Nicolás Llovera, Mito y Leyenda de Guardatinajas

Nicolás Llovera
 Un criador de mucha fama 
Sobre el pié de un merecure
 El caballo lo amarraba 
Aguardiente para todos 
Y así el otro día cancelaba 

Guardatinajas-Dámaso Figueredo

 En el maravilloso libro de relatos del poeta Luis Alberto Crespo, denominado Llano de Hombres, se incluye algo de la historia de este famoso personaje que se convirtió en una leyenda. Nos encanta la prosa del poeta Crespo, por lo que copiaremos textualmente casi todo su relato: 

“Entonces el viejo comenzó a morirse. Esta vez era verdad. Sus herederos revolotearon sobre sus tierras vacías como zamuros, pero allá en El Rastro, en las galeras del Pao, en los montes de Cojedes y en los caños y costas del Portuguesa, los llaneros no saben todavía como llamarlo en este mundo y se enredan al hablar de él con el presente o el pasado en que se convirtió su vida de 92 años y los otros muchos que le regaló la leyenda. Así lo nombran ahora en Guardatinajas y lo vuelven a ver llegar de “Tigrito”, el hato de los Landaeta, donde apareció como caballericero. De allá venía o viene con un puño de reses, un rucio renco y una yegüita, corrido de esos montes porque se llevaba todo el ganado alzado en el aro de su soga. 

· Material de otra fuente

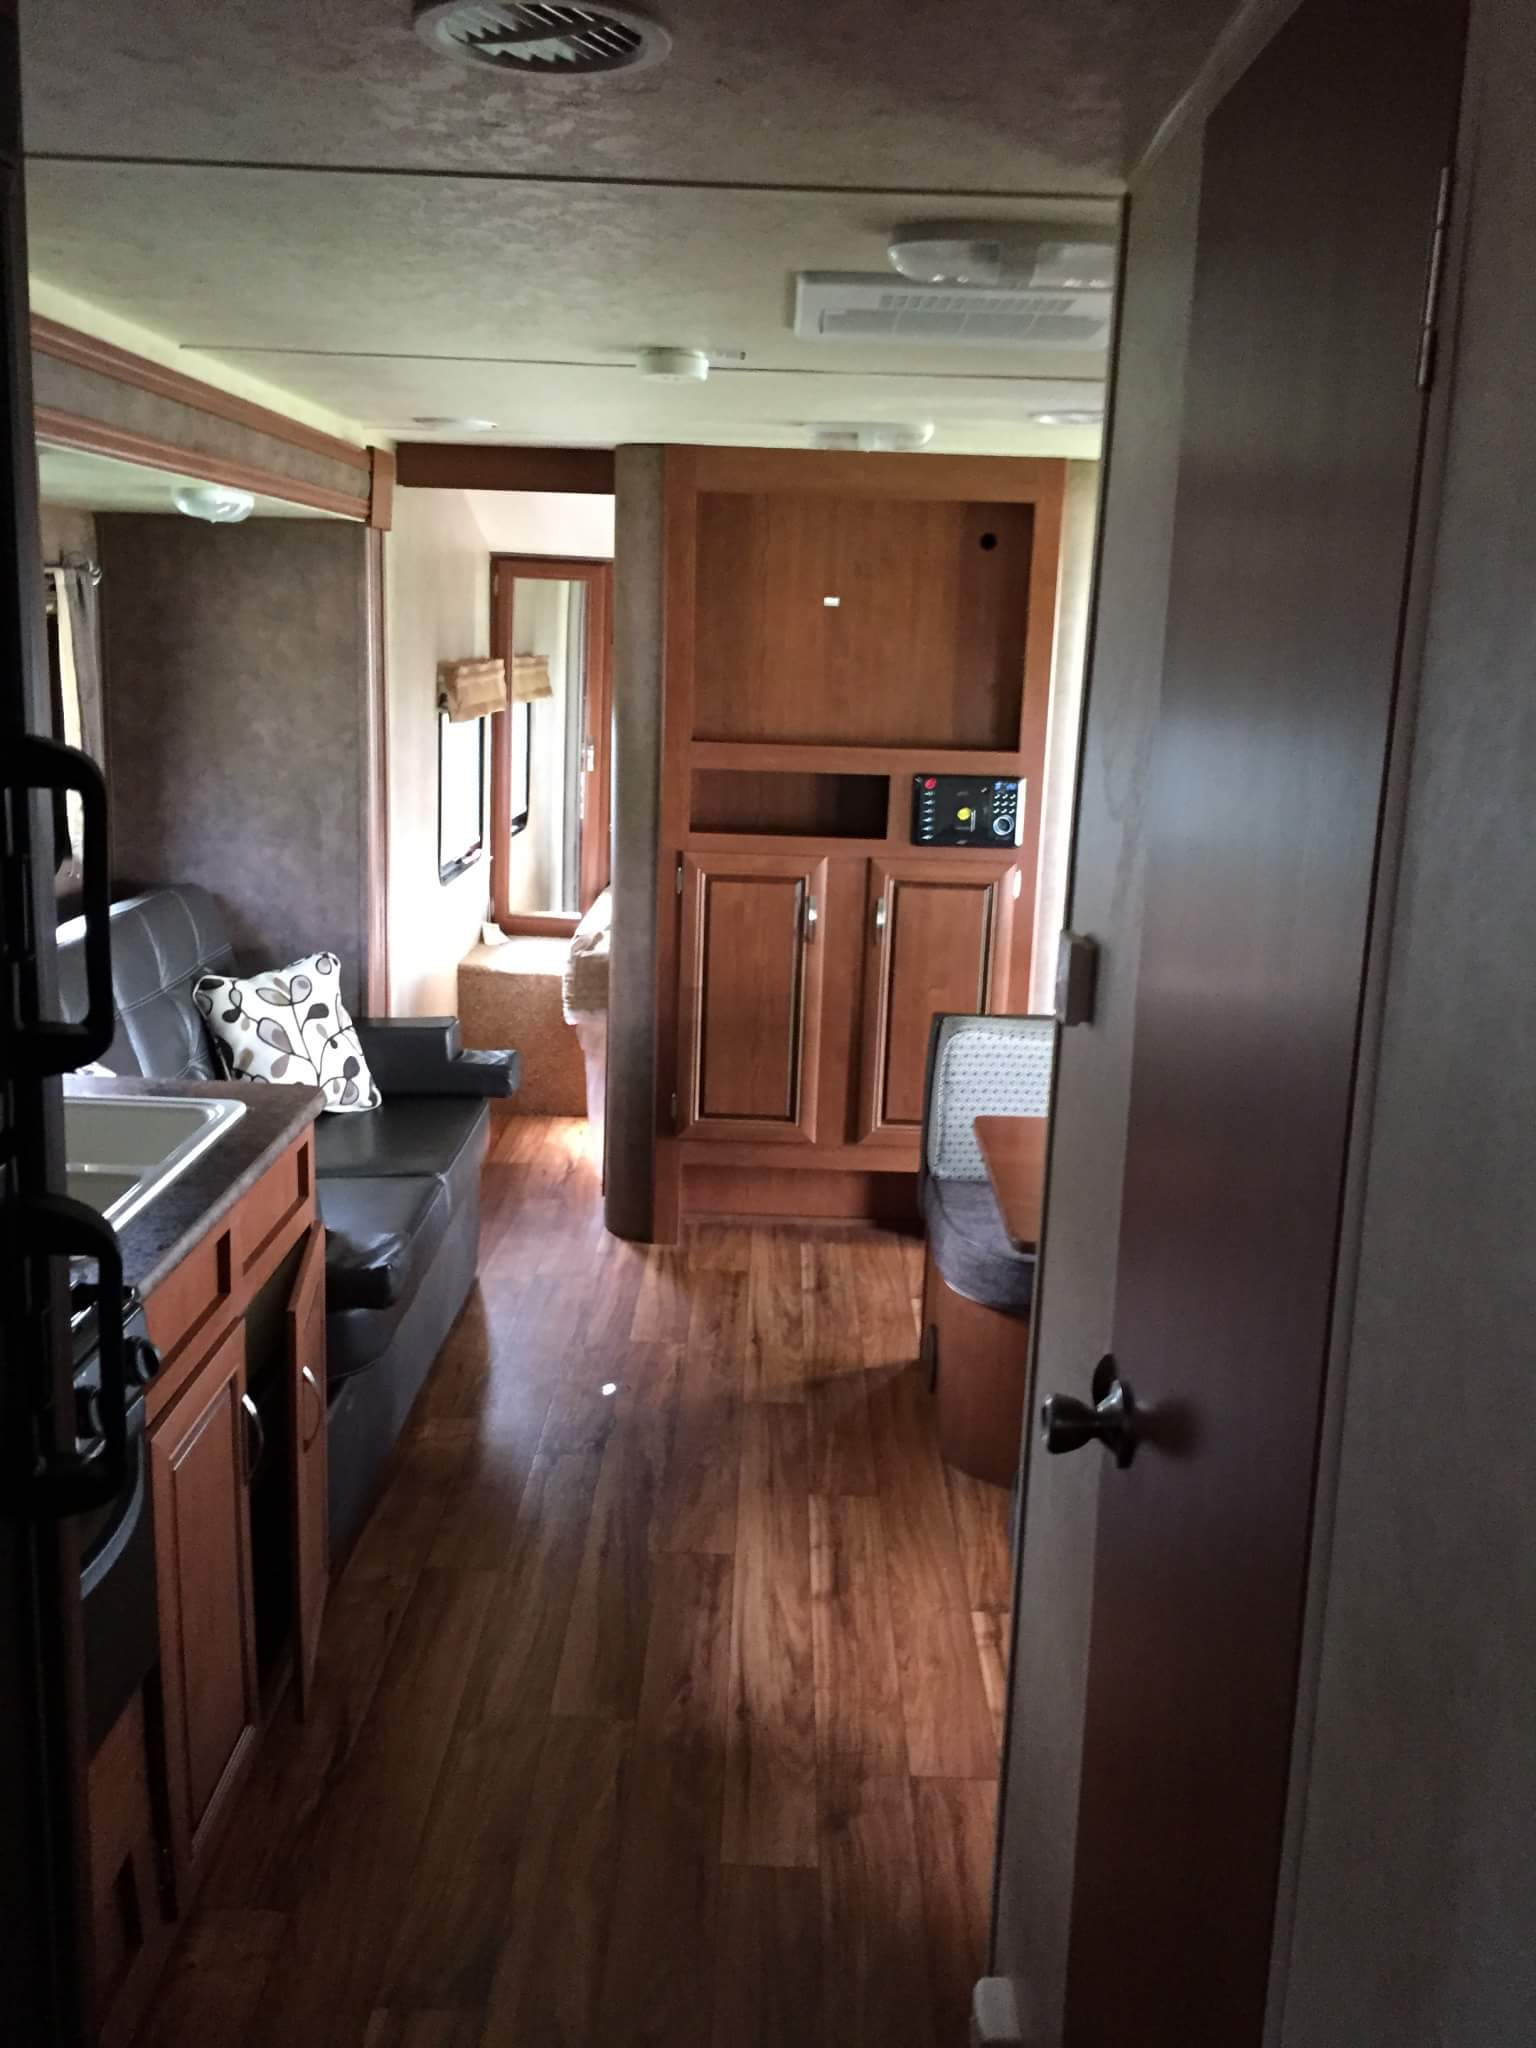 hardwood flooring danbury ct of top 25 southington ct rv rentals and motorhome rentals outdoorsy in z913hq9h01bxgbyvnl7p

No duró mucho en las sabanas guardatinajeñas. No le gustó el punto, decía un negro Orozco. Y salió Manuel Sandoval, el compadre suyo, y se lo llevó para donde dicen “Ojo de Agua”. Ahí se paró un tiempo y de “Ojo de Agua” tuvo también que irse. No lo quería su vecino Francisco Llamozas porque su ganado mostrenco y cachilapo no escapaba a su pericia de enlazador. Y cogió ala y tocó la puerta del hato de los Loreto. Vino pidiendo un cuarto de tierra para él, su ganado y su gente. Don Ángel Miguel le facilitó la sabana que llaman San Miguel, en la costa de Caño Rico, cerca de Chirgua, ese río tigrero que pasa por Los Araguaneyes, el hato que fue de Juan Vicente Gómez. 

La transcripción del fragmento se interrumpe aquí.